Nature plays an important role in a lot of your releases, whether as background sounds, the cover art, and releasing new tapes along with the changes in the seasons. In what way do you see the natural world as an influence on the Inner Islands aesthetic?

Outside of the label, I am drawn to the unbuilt and non-human world and constantly trying to get perspective on my role in this place as a human. I guess I feel like humans are the odd creatures out on this planet in a lot of ways because of how dysfunctional and unsustainable we have become. I also know that a lot of us are trying to reconcile with that. So I’m really drawn to those parts of this world that are able to live more harmoniously — and the shapes, patterns, and textures that are created without human intervention. I am totally aware of how cliché all this may sound haha. But I still feel compelled to shout out that part of our world and celebrate it in the art that I make and curate.

The music on the label has a very peaceful, positive vibe to it (and sounds like it could soundtrack a yoga session). What attracts you to these sounds, in both your own work and that which you put out through I.I.?

These kinds of sounds just inspire me to stay grounded and keep going. Being a human is pretty stressful a lot of the time. I need all the inspiration I can get to stay positive and treat people with as much love as I can muster in the moment.

You’re no stranger to ambitious releases, with the double cassette Oceanic Triangulation and last year’s quadruple tape Stag Hare release being prime examples. How do you approach releasing projects like these, given your limited resources as a one man operation?

They really just seem like special and fun projects to me. I guess Inner Islands does have a pretty small budget and these projects “risked” big chunks of it at the time, but it’s so worth it because I think they are great sounds that need to be shared. I’m just happy I was able to give them a home and that folks dug them enough to keep the label alive.

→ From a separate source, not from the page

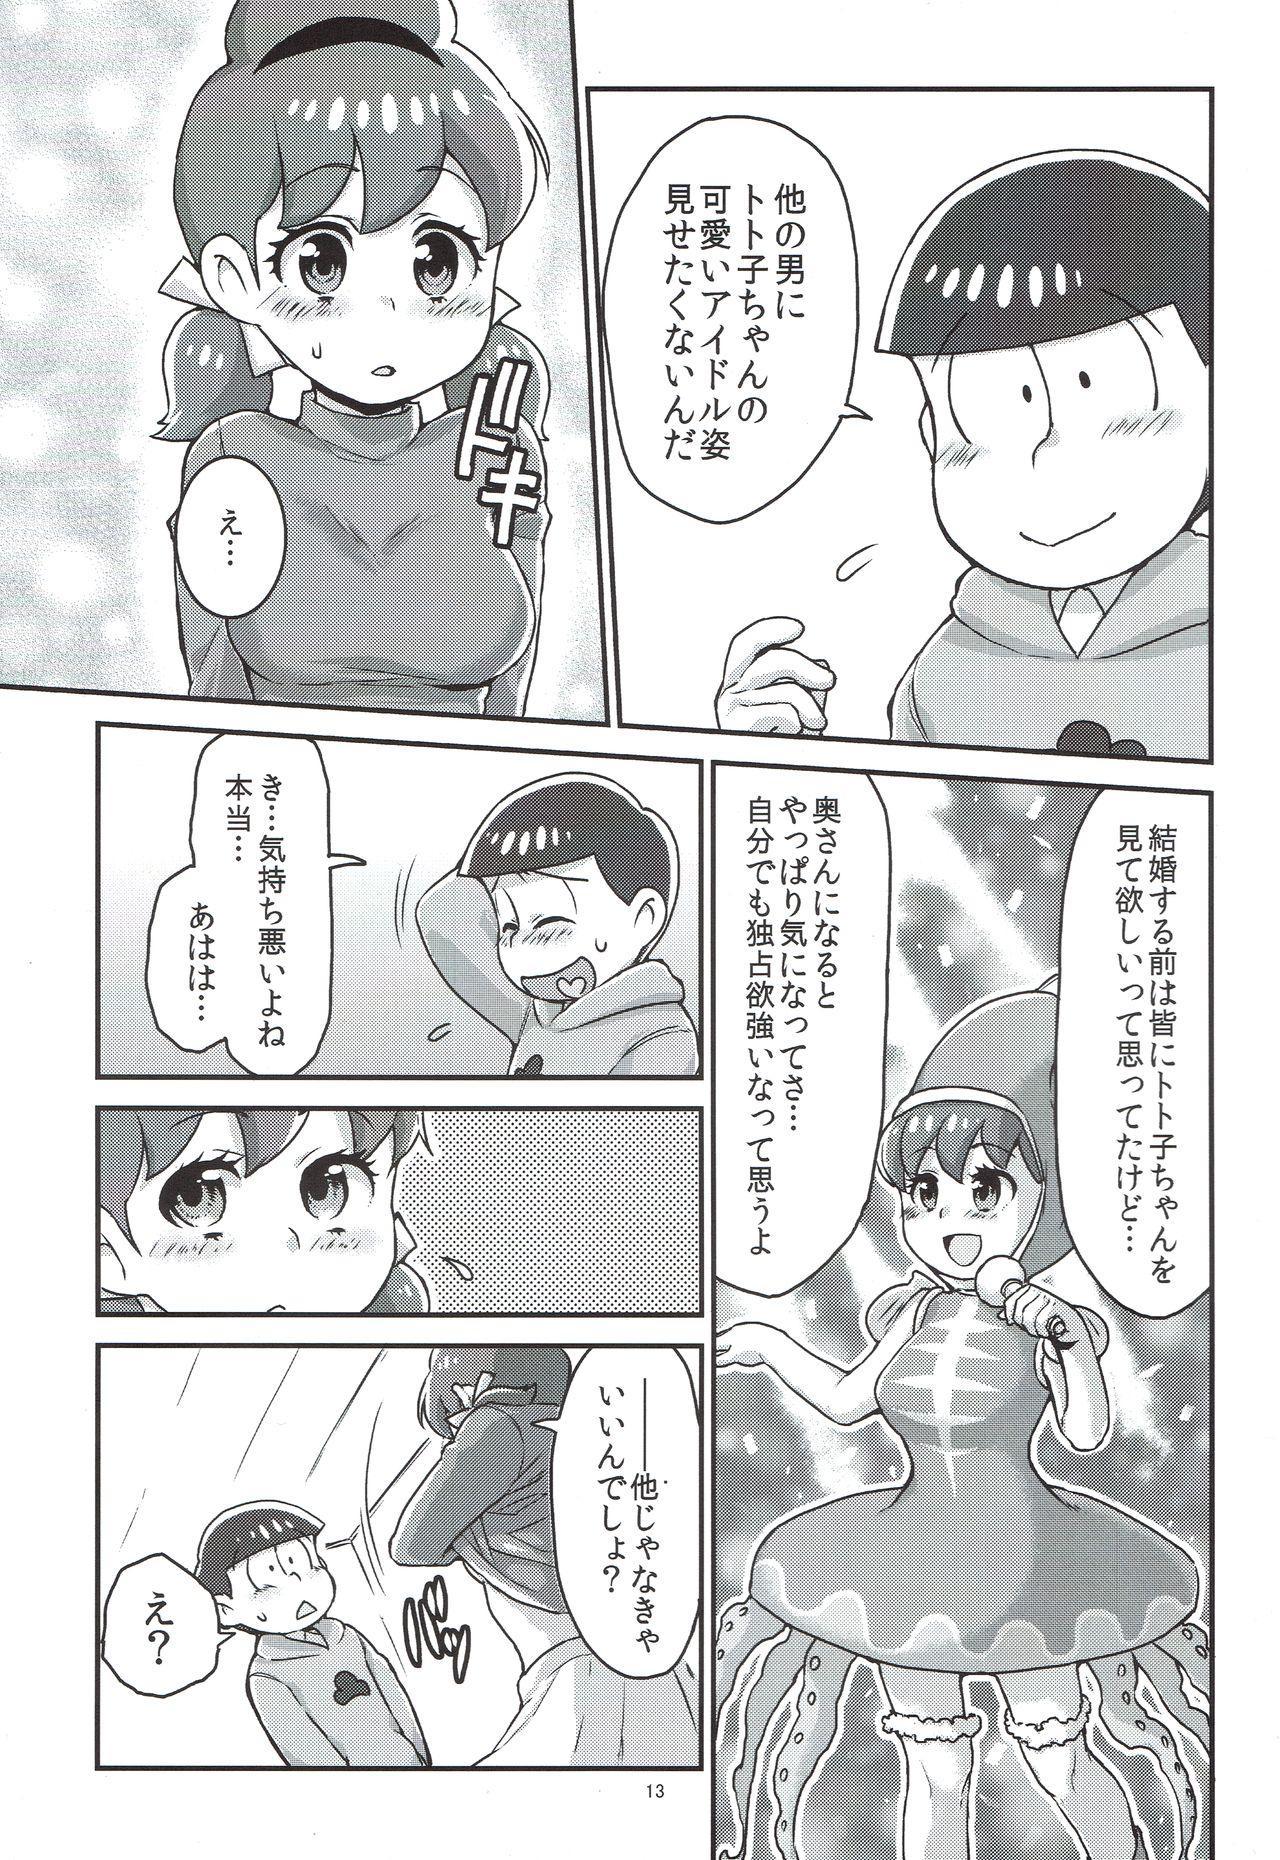 Mutsugo to Totoko-chan no Juukon Seikatsu 13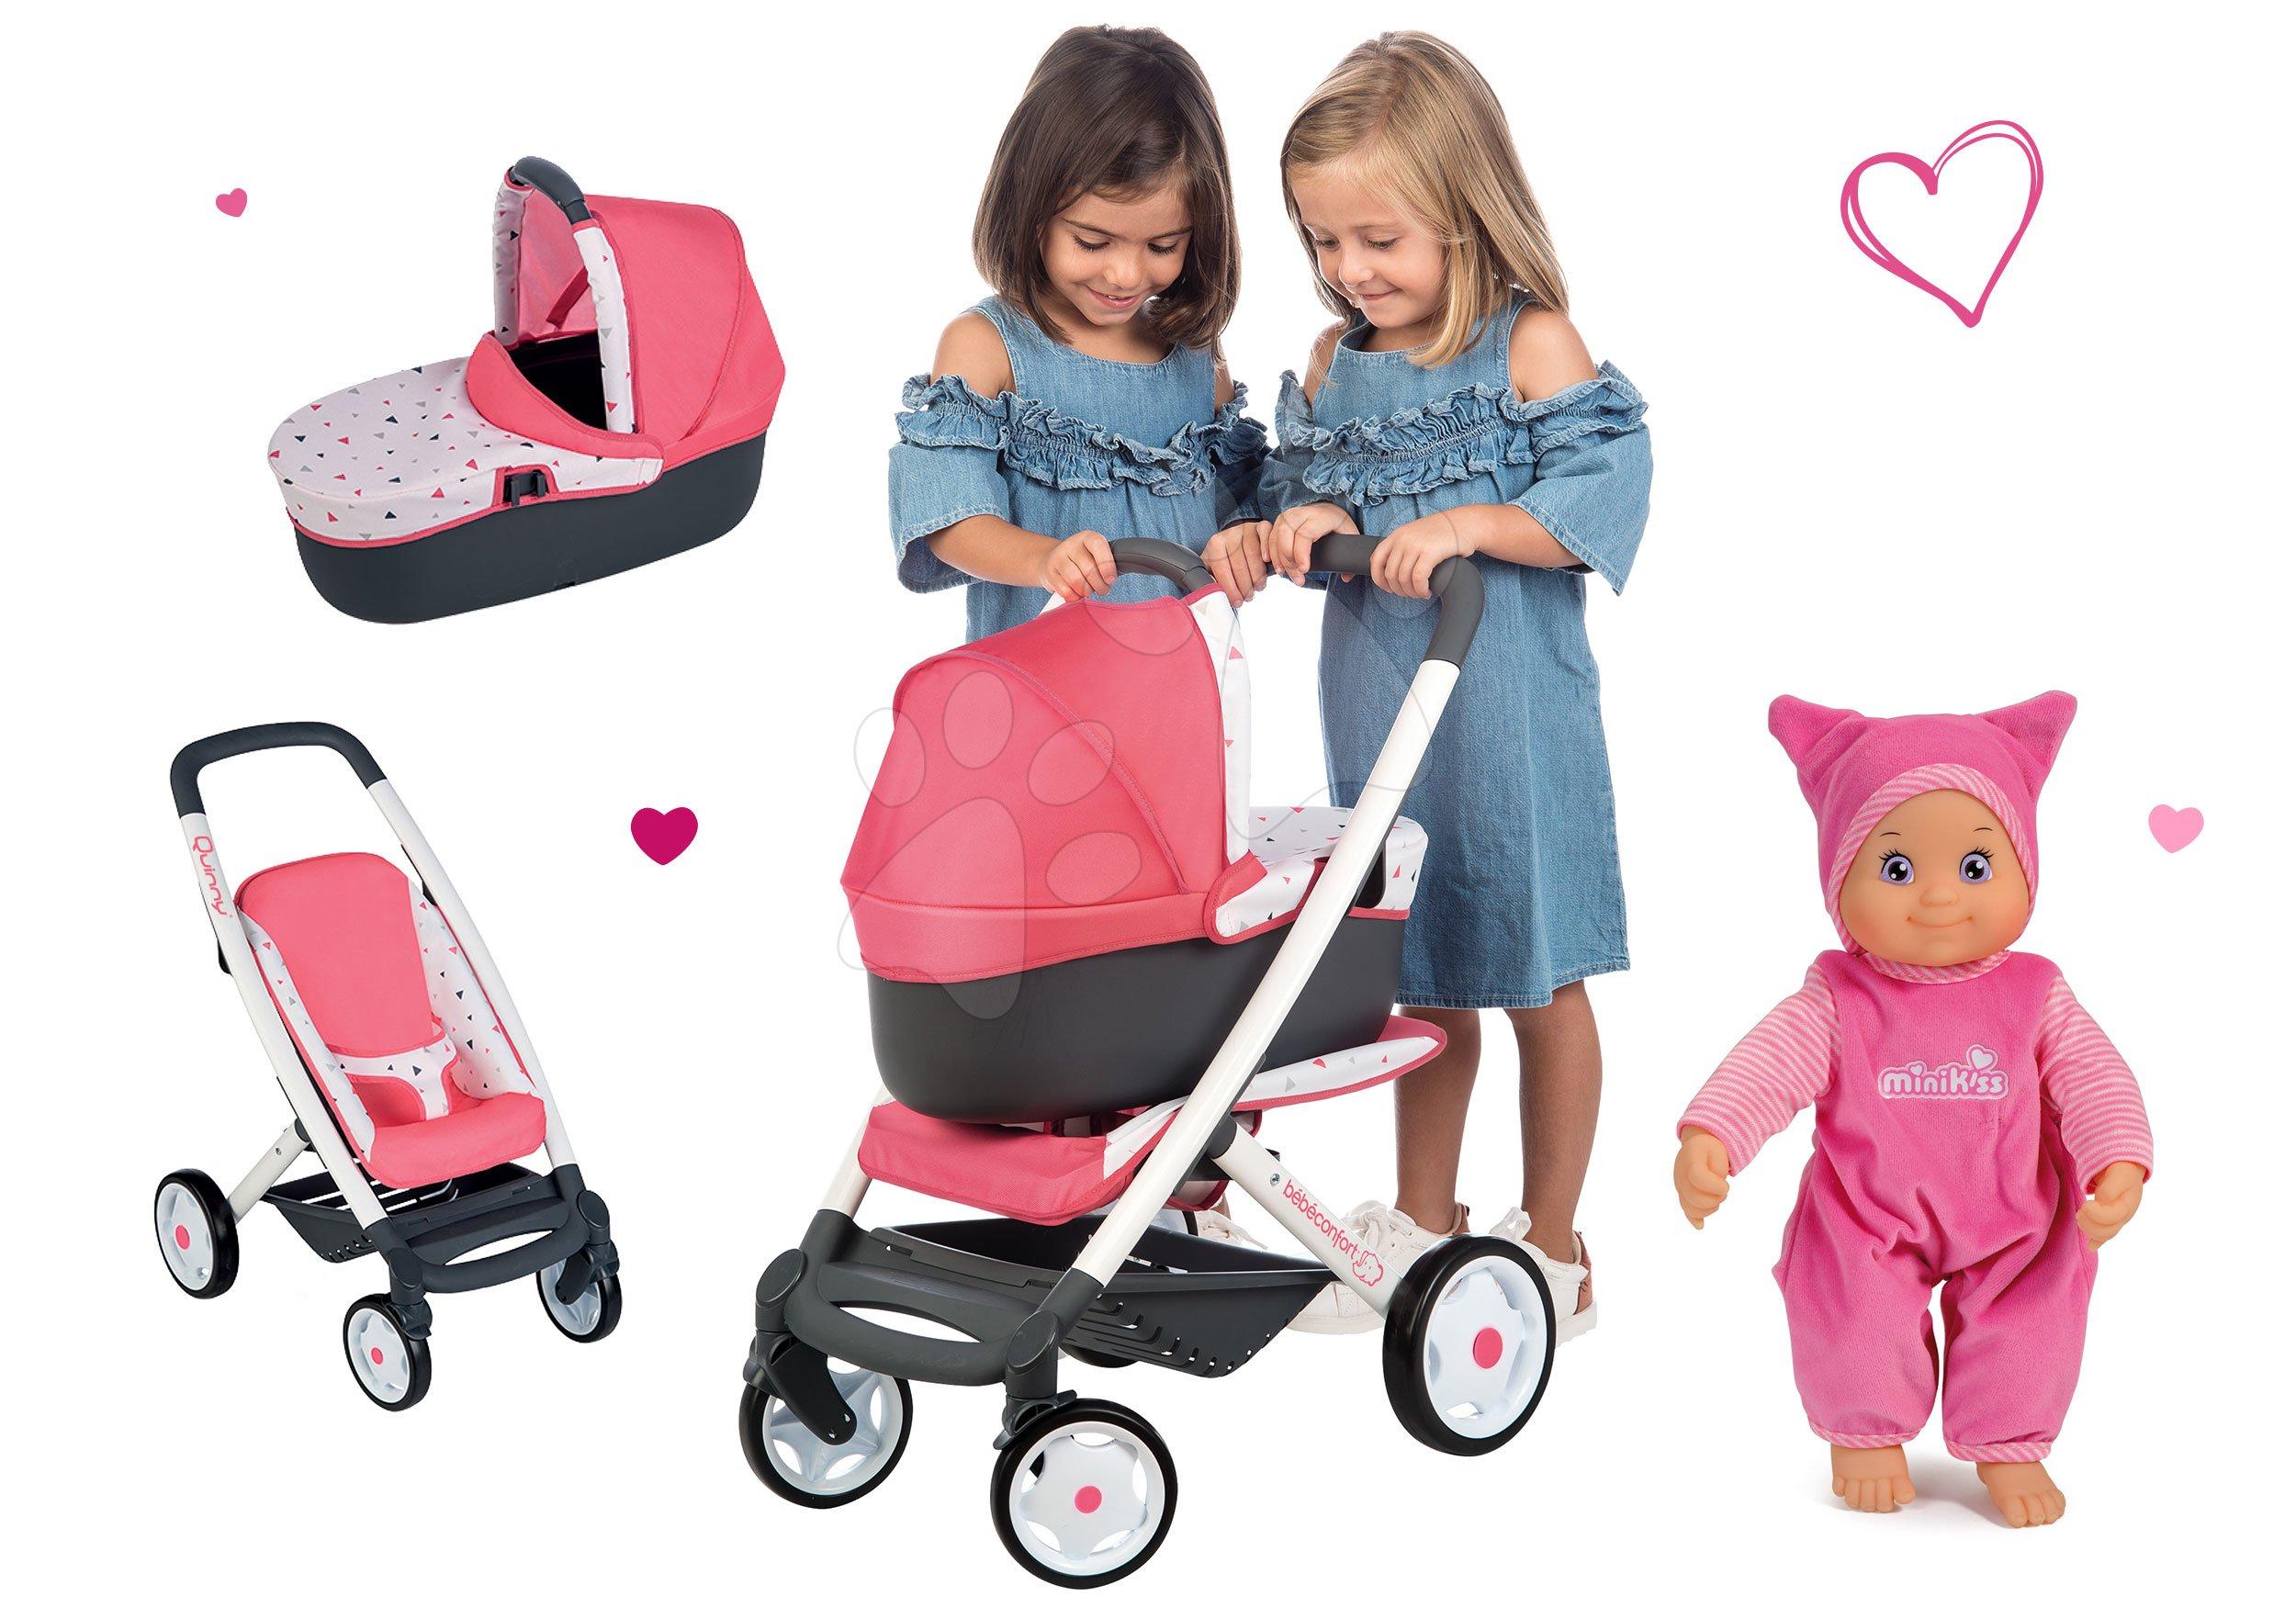 Set cărucior adânc Trio Pastel Maxi Cosi&Quinny 3în1 Smoby și păpușă de jucărie Minikiss cu sunet

Collaboration is a recurring theme for a lot of the tapes you put out. If you’re not playing any of the music your name usually pops up for art layout or mastering. Also, on your recent tour with Stag Hare you blended your respective tracks into a joint live set. Do you always approach a new Inner Islands project with an eye for collaboration?

Yes, exactly, I mean releasing people’s music is always collaborative on some level. I just want to help folks realize their creative visions to the best of my ability and lend a hand however they want me involved. Sometimes the whole project is handed to me and sometimes folks want me to master their work and/or do the art or layout. Just gotta serve the artist/project’s needs to the best of my ability.

2016 began with the quiet but masterful Channelers and softest cassettes. What’s next for you and the label this year?

Wow, thanks! Glad you thought they were anywhere near approaching masterful haha. That’s rad. The next batch is going to be three cassettes from Inner Travels, Kyle Landstra, and Matthew Barlow. Mellow vibes impending. And a couple albums from Stag Hare later in the year. I personally have a new album with Orra as well as two new Ashan albums coming out on Heavy Mess — Braden’s new label! Possibly a couple albums with Skyminds. And possibly another Channelers album or two. Very excited to be sharing all these sounds!